The interesting part of the book covers the evolution of the Radical Religious Right in American foreign policy and the free reign it in particular was able to excercise in Central America during the 1980's under the Regan Presidency. Central America is where such Bush II luminaries as John Negroponte, John Bolton, Paul Wolfowitz and an assortment of other lunatics including Col. Oliver North cut their teeth. The devastation and death that resulted from their policies was astonishing when one takes into account the population size of those countries. Central America under the nascent neo-cons was a hell on earth.

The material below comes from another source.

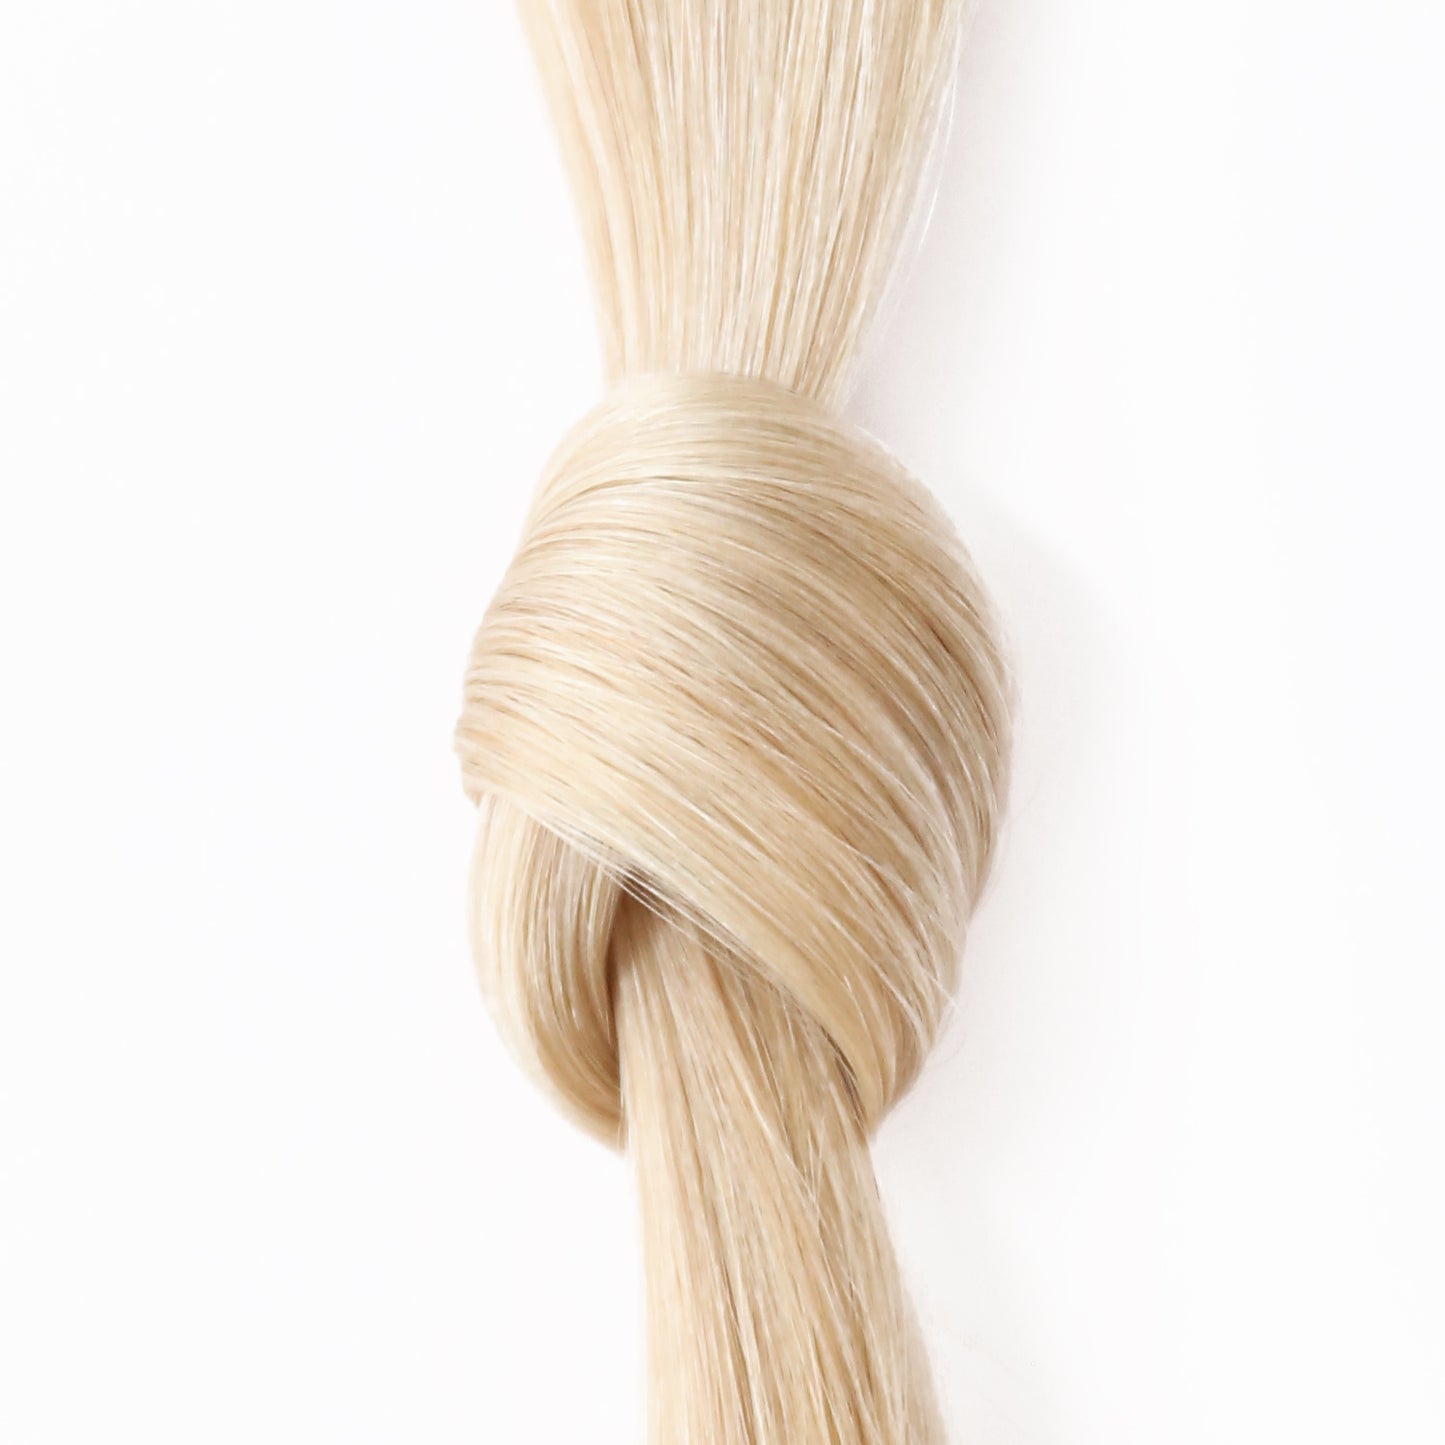 59 - Prime Tape In Icy Platinum Blonde - True chromatic and universally rich shades of natural color.

The thesis, which the author backs up with an immense amount of information and erudition, is that Central America was a sort of "workshop" where the neo-cons developed the ideas and put into practice the policies that were used to such bloody effect in Iraq over the last 6 years. For instance Grandin notes John Negropontes role in Central America and the continuities betwen what happened there and what went on during and after his short stay in Iraq. He also notes American involvement in Death Squads in Iraq, an issue I have wondered about for some time and which formed such a central part of U.S. policies in Central America during the 1980's.

The book also covers Latin America as well, including the Pinochet regime with particular regard the the Friedman/Hayek school of thoughts influence on it. There is something particularly nauseating about reading of Hayek (he of Road to Serfdom fame) praising Pinochets vicious authoritarian regime - by their friends we shall know them.

Thoroughly reccomended, this is this best book of this type I have read in quite some time.